The following morning, I gave a talk and tasting on Spanish wine to the students at Ballymaloe Cookery School. I thought the Camino Real stood out against some pretty serious competition.

 

Viré-Clessé 2016, Les Pierres Blanches, Domaine André Bonhomme

Gorgeous generous textured apple and pear fruits with a lovely crisp mineral streak, finishing dry. Lovely pure unoaked Chardonnay.

This would go nicely with chicken dishes – either roast or in a creamy tarragon sauce.

I have been a fan of the Bonhomme wines for many years; they drink well young and age very well too.
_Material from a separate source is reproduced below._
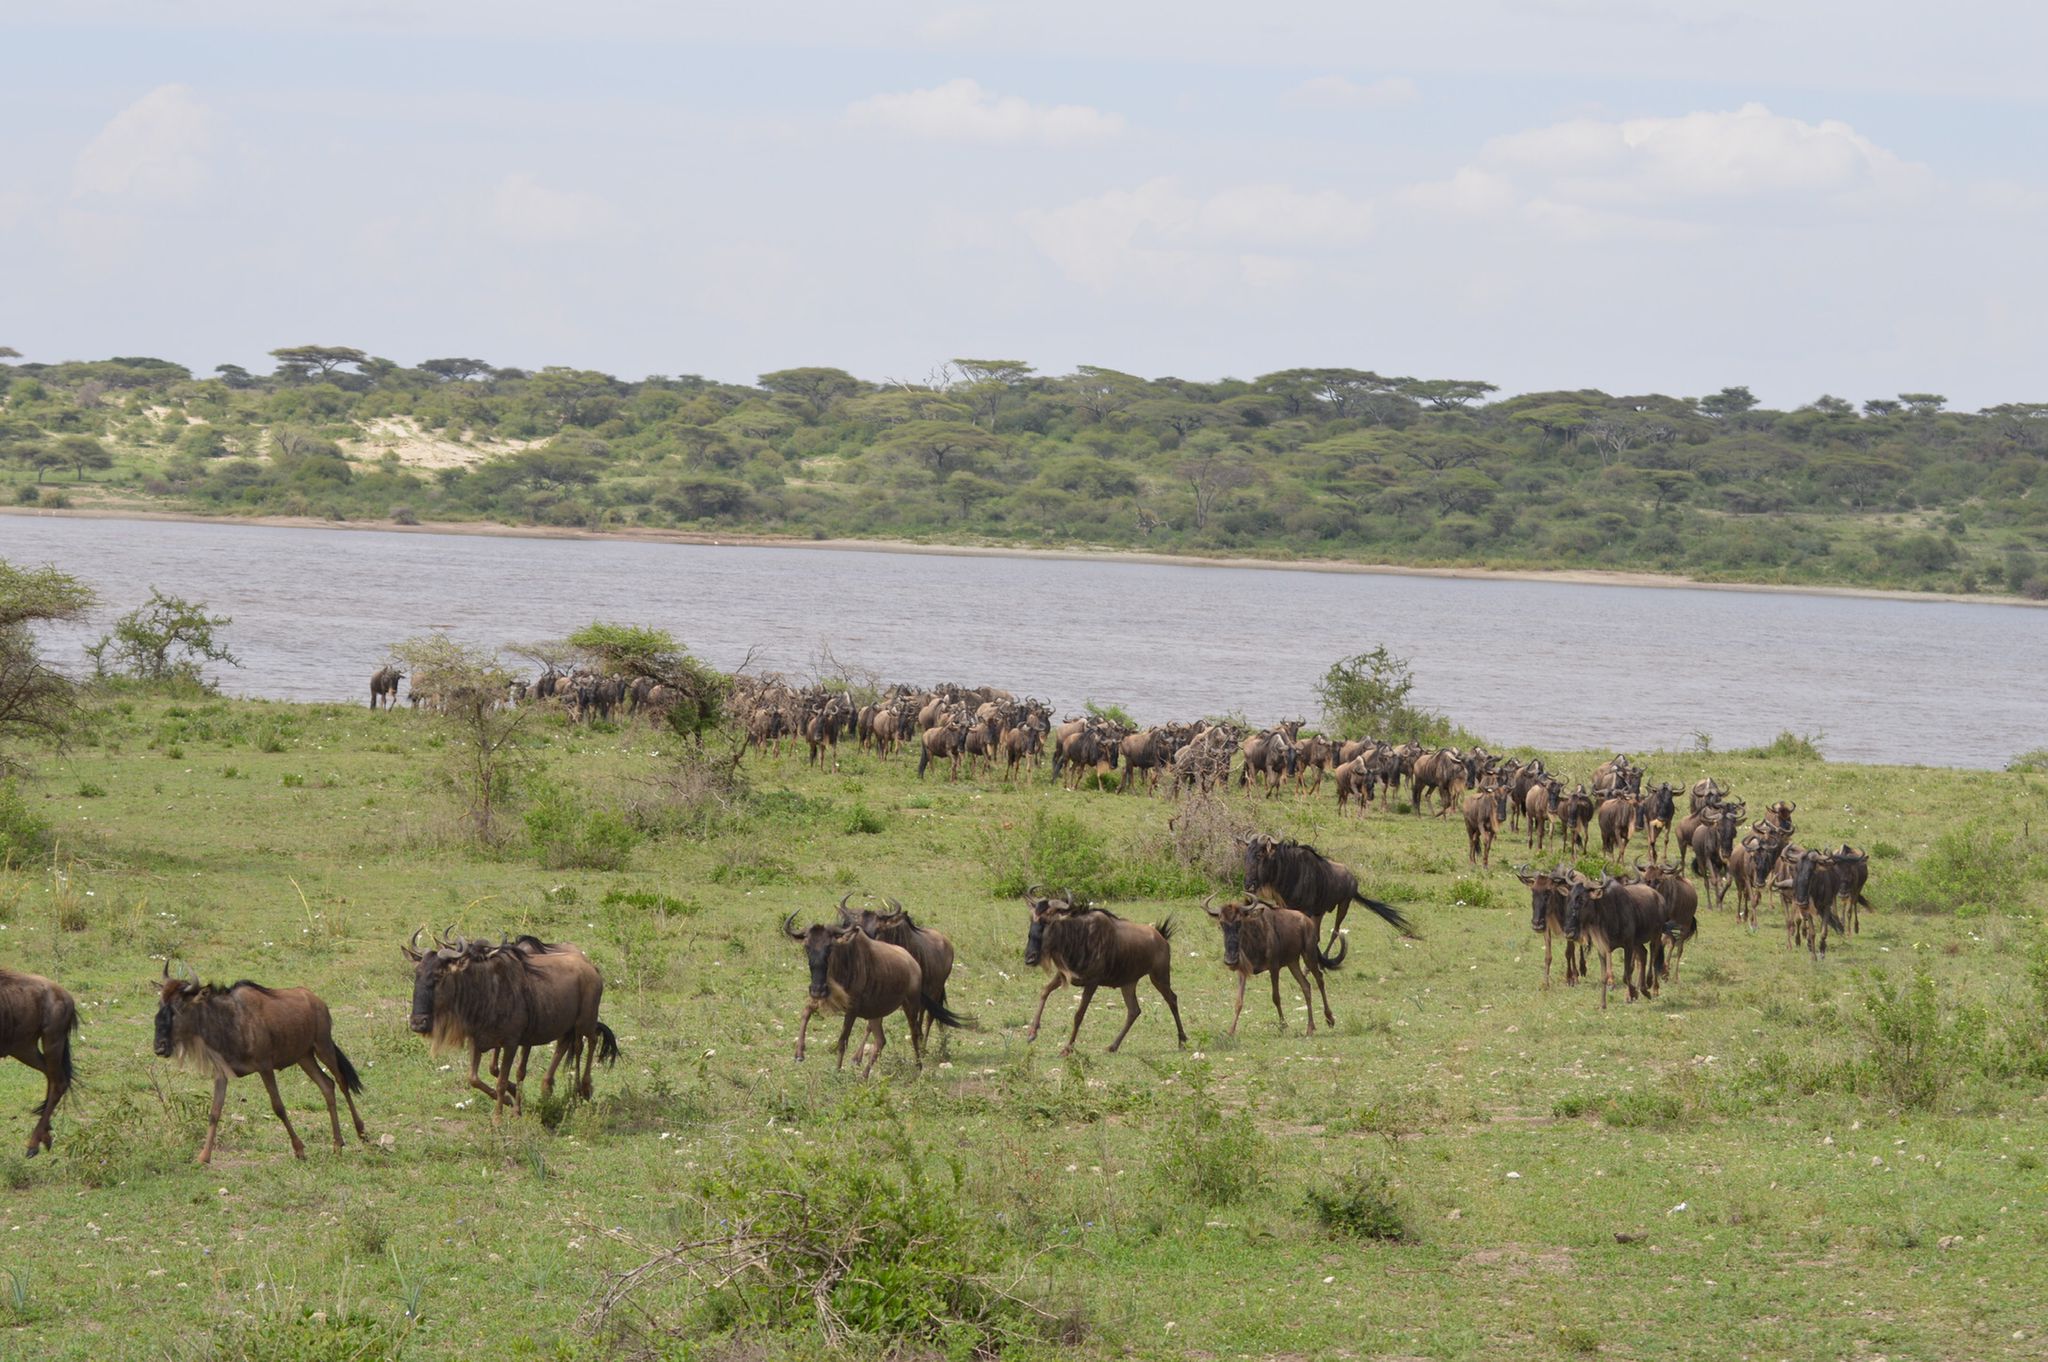 Migrating wildebeests

In the sea of indifferent wines found in the Mâconnais, they stand out as special – and very well priced too.

€22.95 from Le Caveau, Kilkenny, lecaveau.ie; Listons, Dublin 2, listonsfoodstore.ie; Ely 64, Glasthule, Ely64.com; Blackrock Cellar, Blackrock, blackrockcellar.com; MacGuinness Wines, Dundalk, dundalkwines.com.

 

 

 

Camino Real 2017 Ribera Sacra, Guímaro

Lightly aromatic with seductive perfectly ripe dark cherry fruits, a spicy savoury edge and a freshness, an elegance that draws you back for another sip. Delicious wine.

A seared breast of duck, or maybe belly of pork.

Pedro Rodríguez is one of the rising stars of Ribera Sacra, a region that has been receiving huge interest in recent years, for the amazing scenery as well as the unique wines. Made primarily from ancient Mencía vines clinging to the slate soils on vertiginous slopes sweeping down to the river, the wines can be spectacularly good.

 

€26 from Green Man Wines, Dublin 6, greenmanwines.ie; Ely 64, Glasthule, Ely64.com; Redmonds, Dublin 6; Redmonds.ie.